→ **EXERCISE PROMPT**
Pictures in the listing do not belong in the copy, which should repeat exactly the lines from the one holding "Frankenstein cartoon hands" through the last line.

→ **MATERIAL PROVIDED**
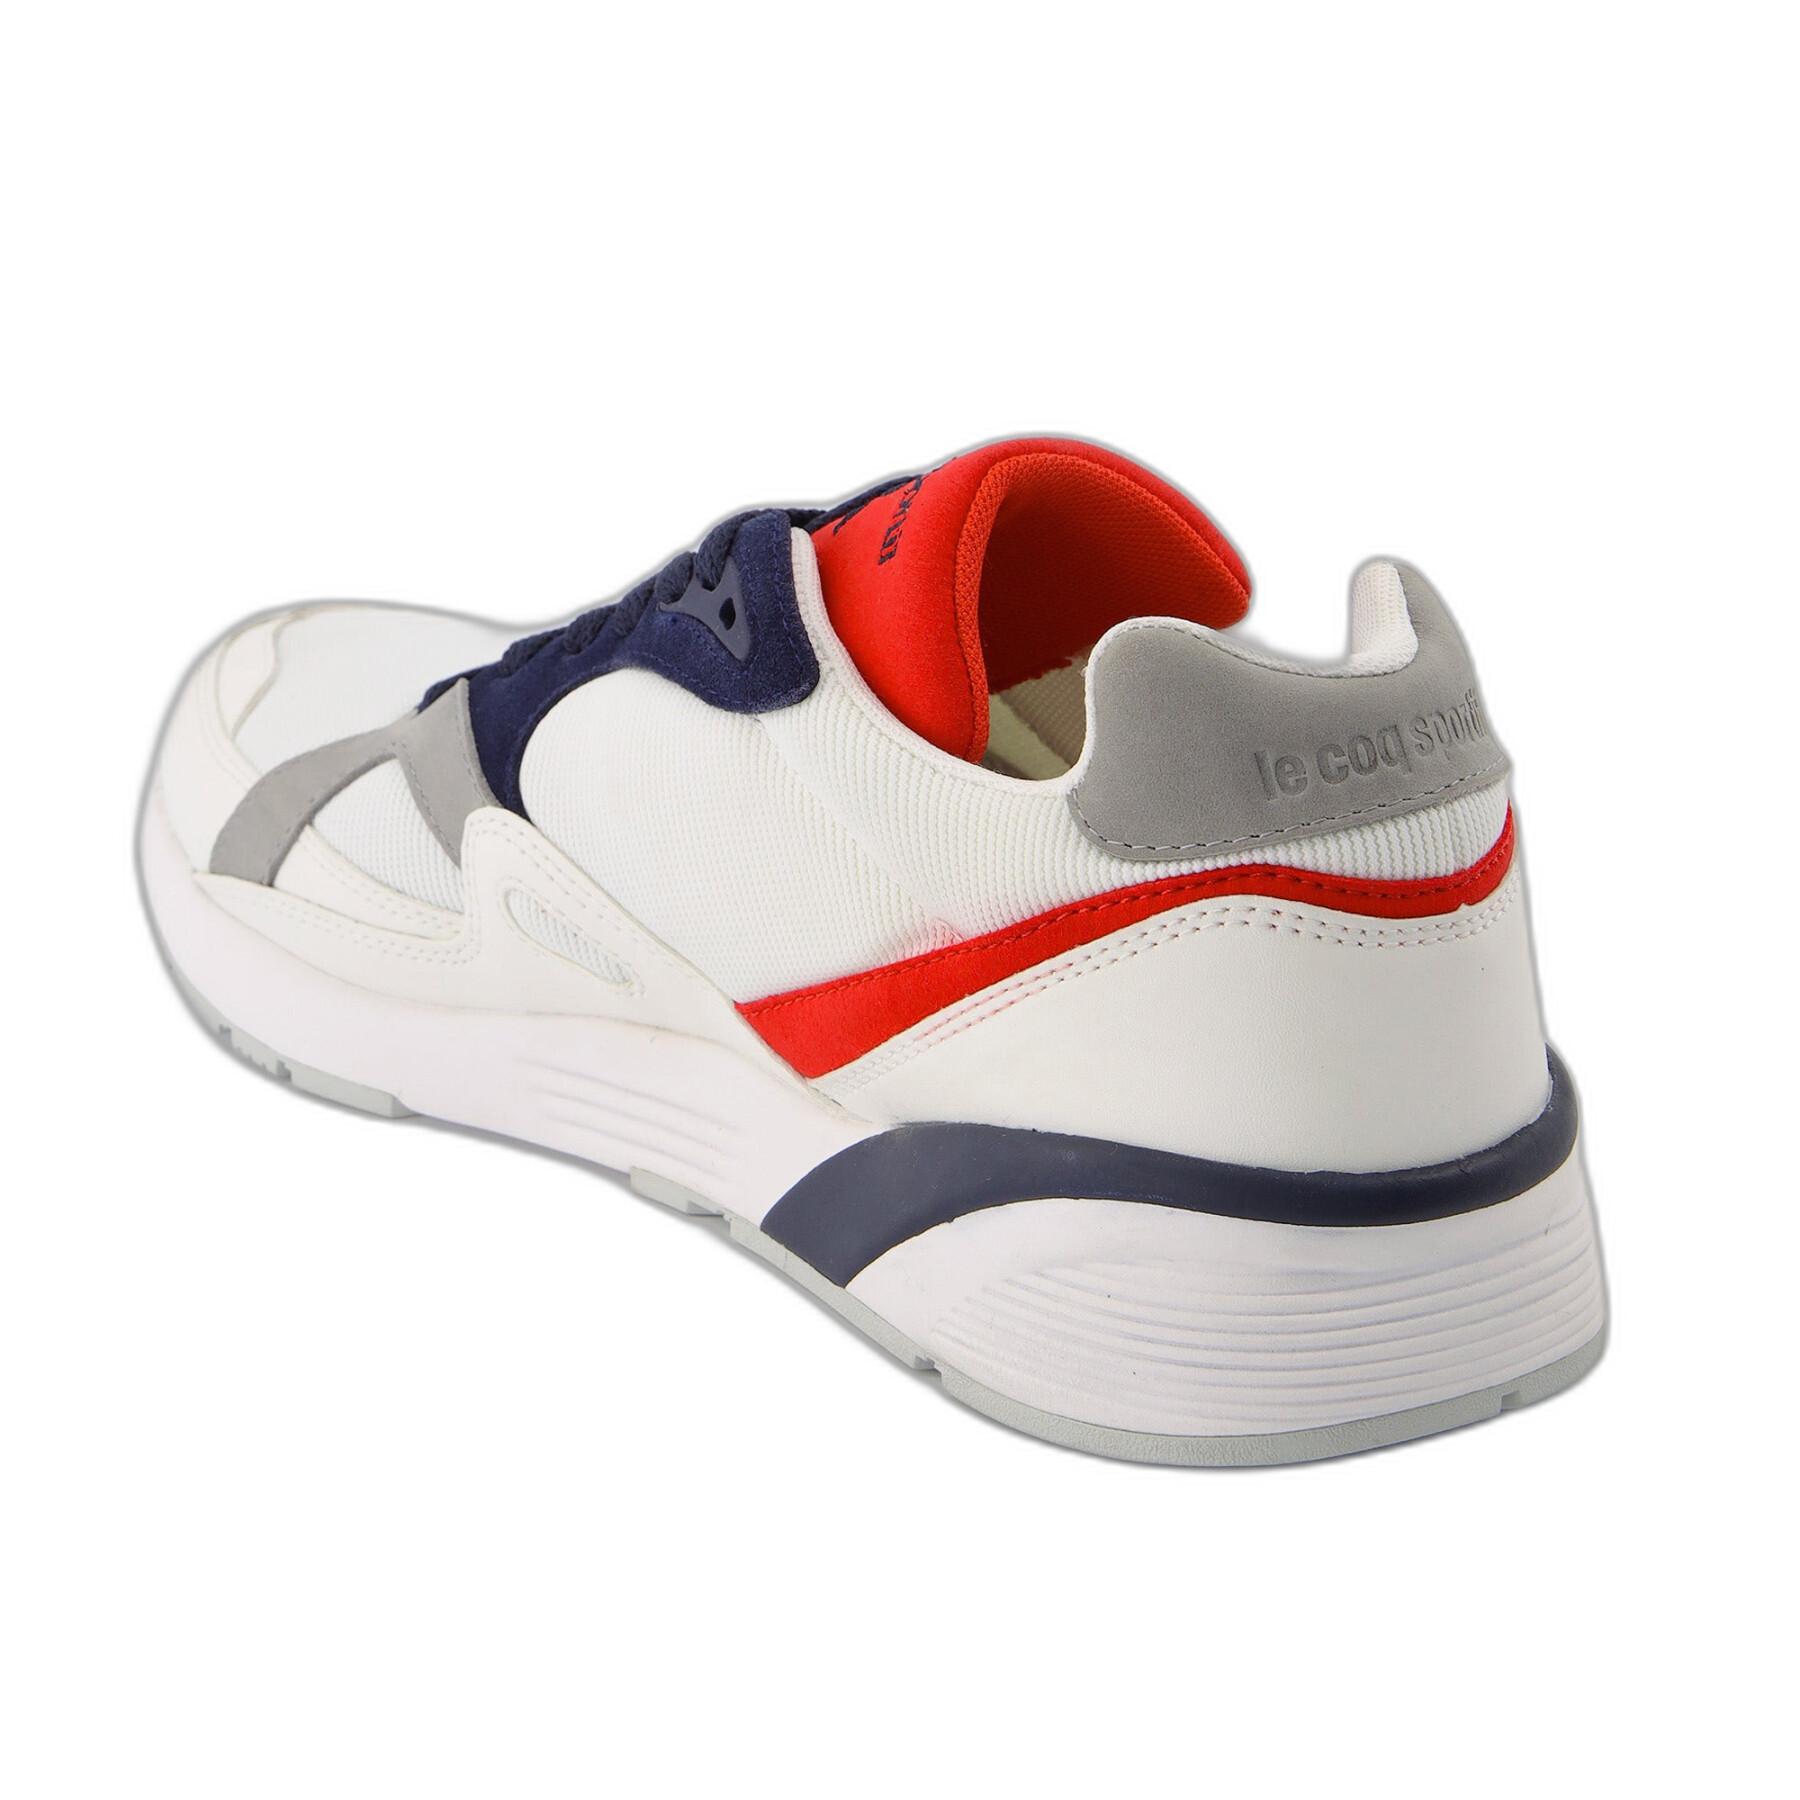 Sneakers Le Coq Sportif Lcs R850 Tricolore
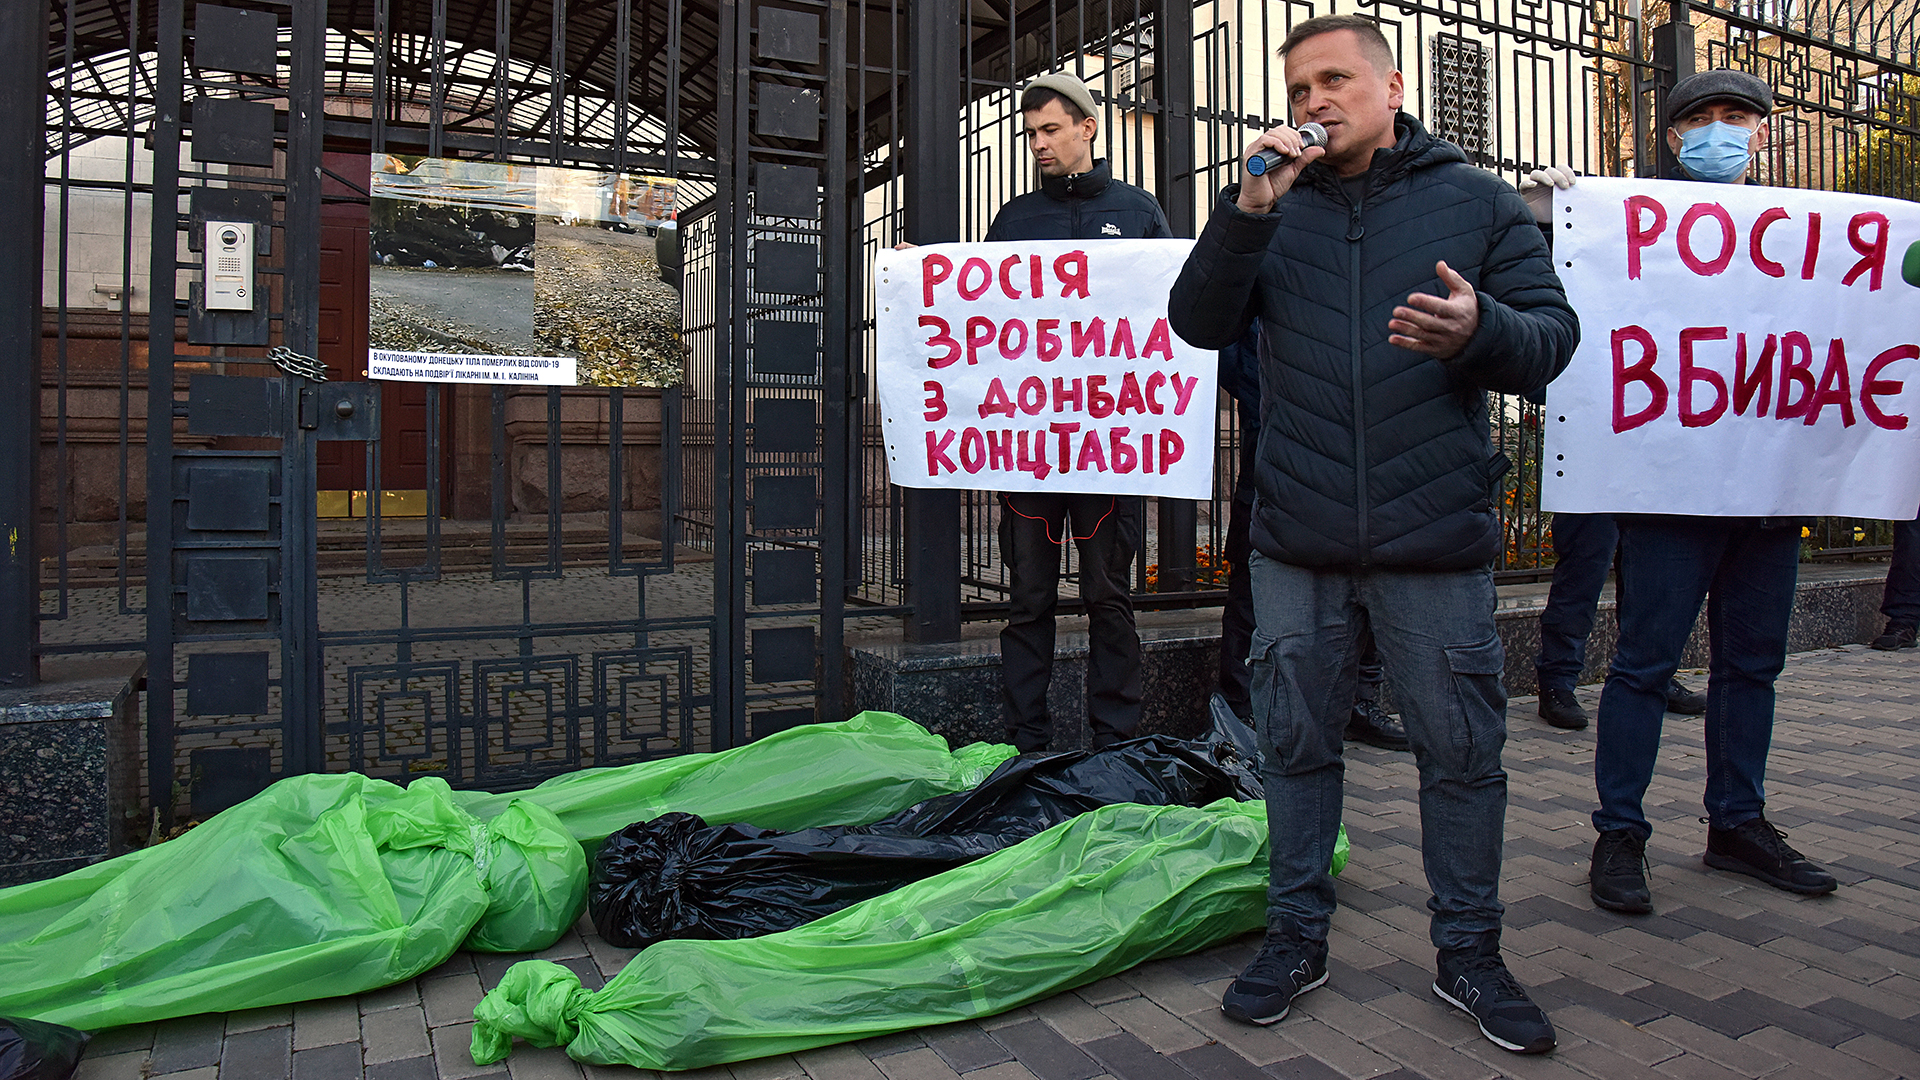 Vor der Botschaft der Russischen Föderation in Kiew findet eine Protestaktion statt. | imago images/Ukrinform
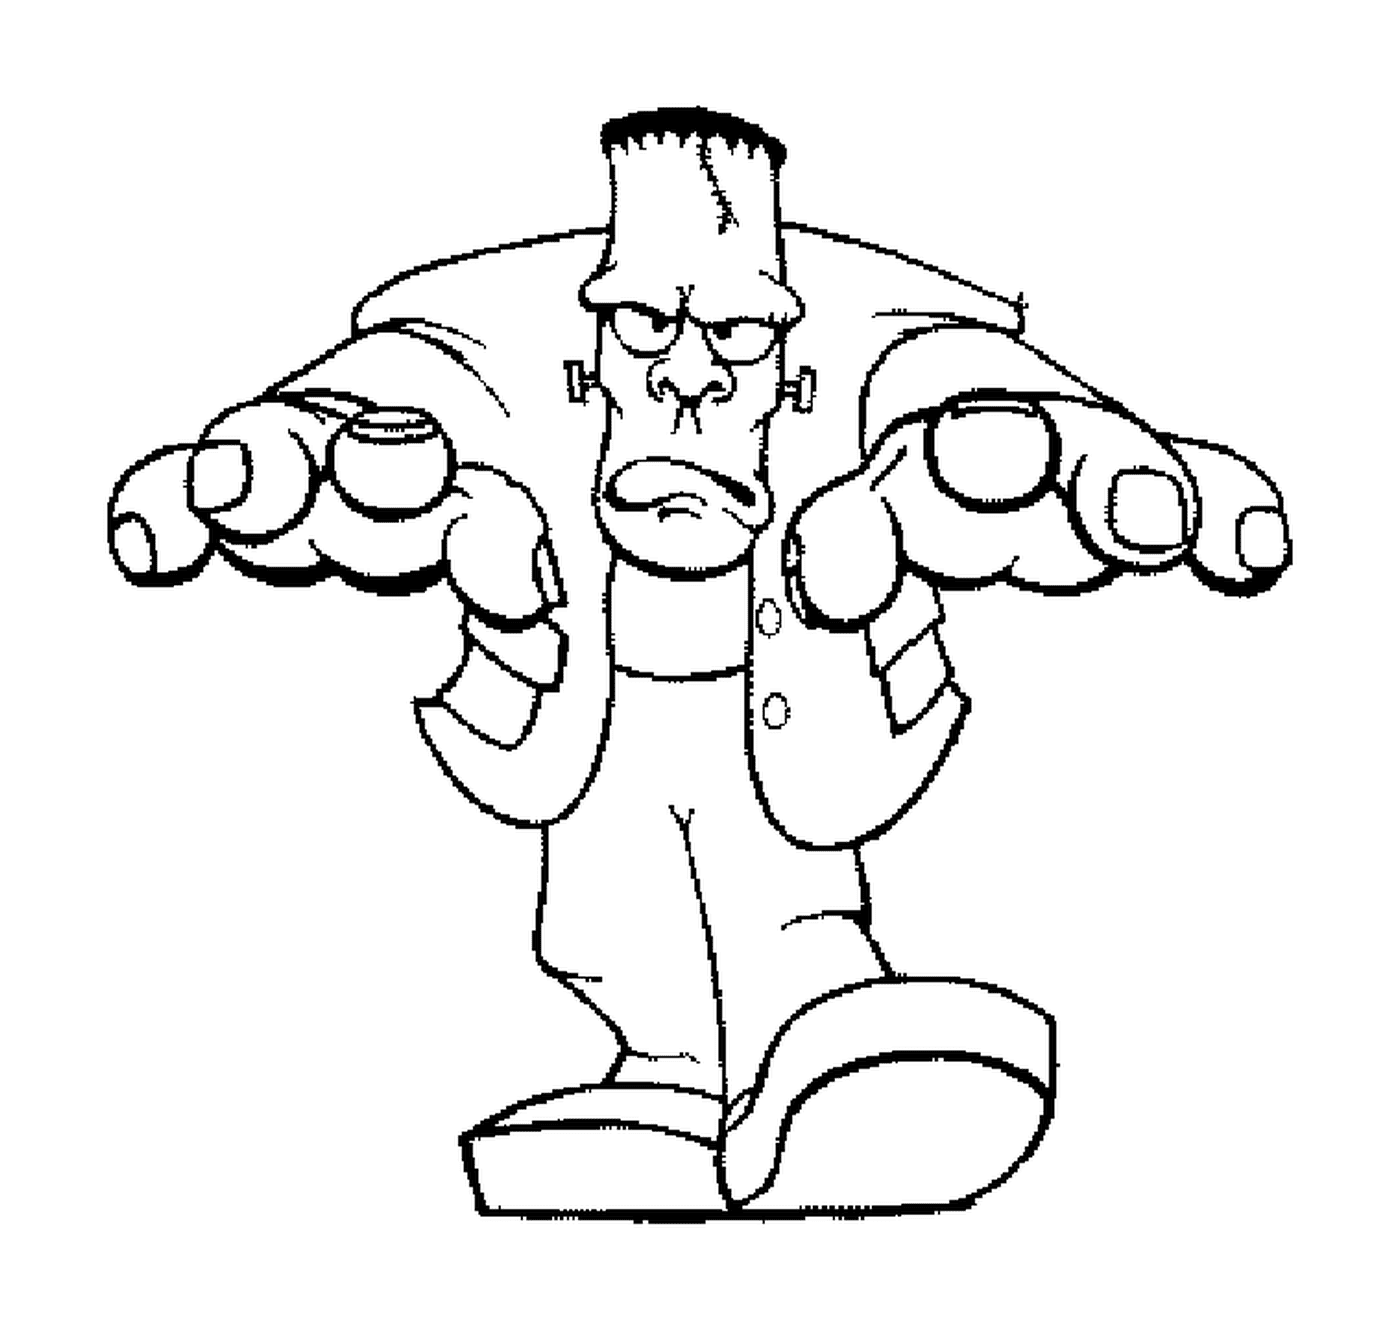  Frankenstein cartoon hands 
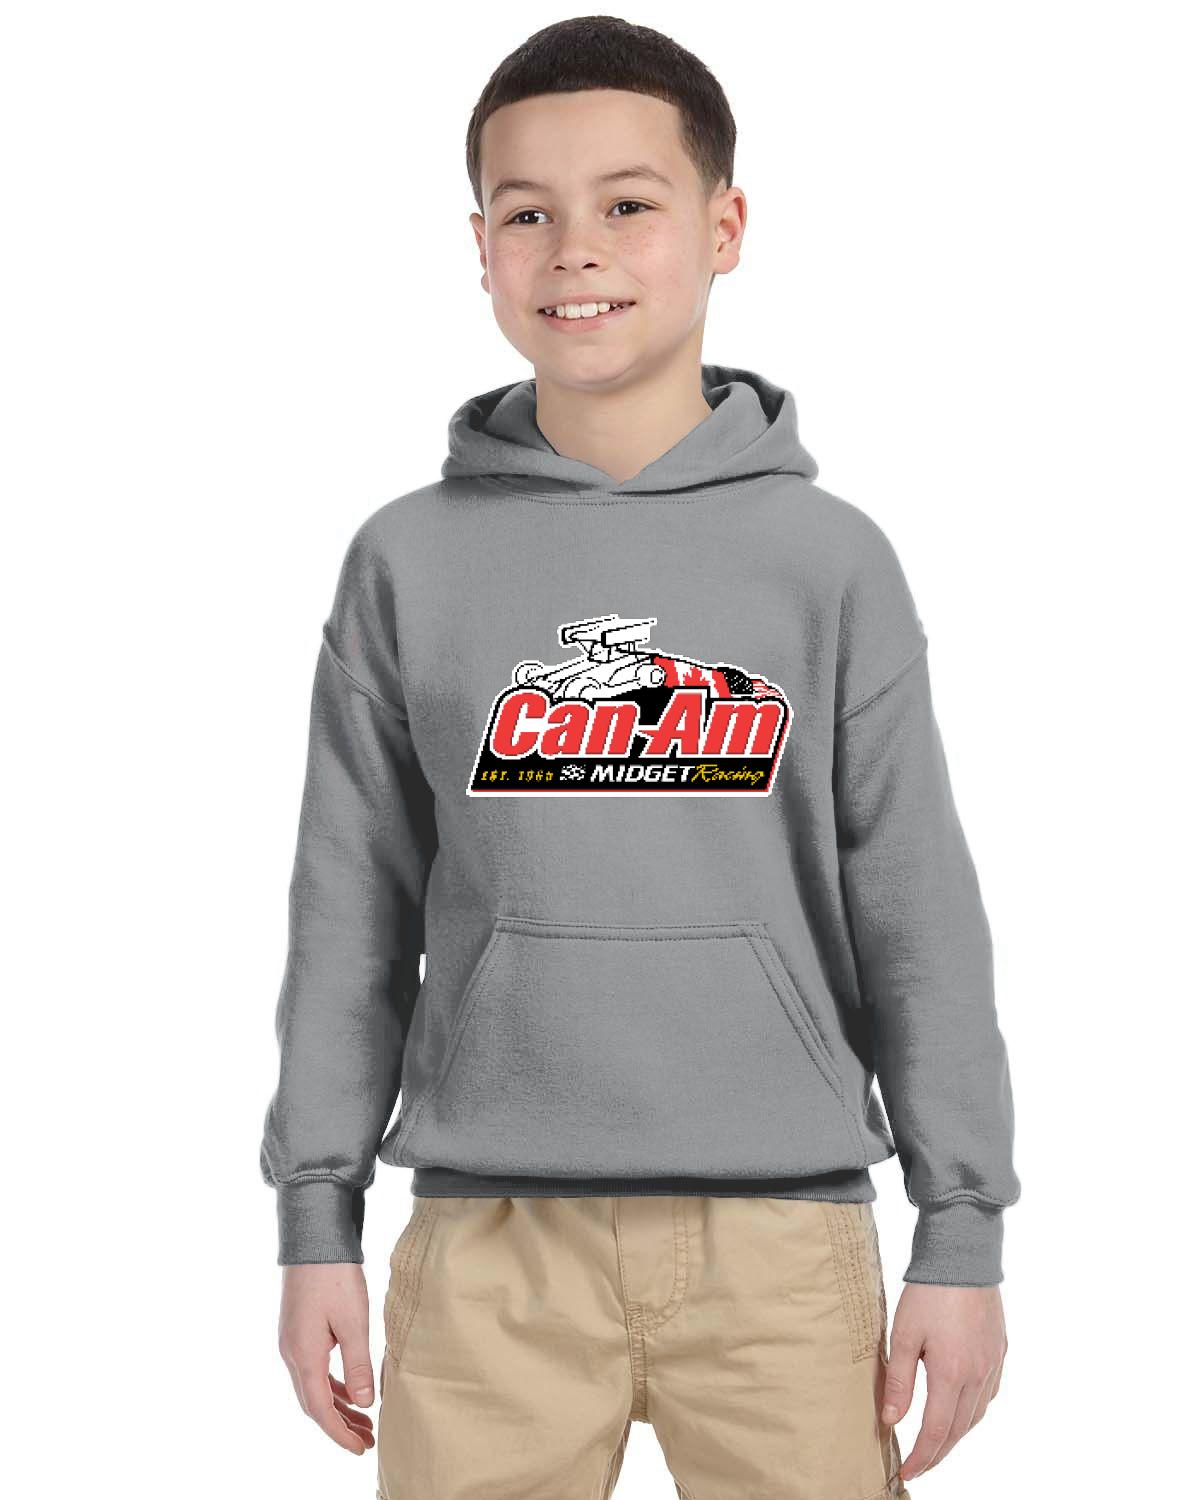 Can-Am Midget Racing Kid's Hoodie

→ **ANSWER TO THE EXERCISE**
  Frankenstein cartoon hands 
 Can-Am Midget Racing Kid's Hoodie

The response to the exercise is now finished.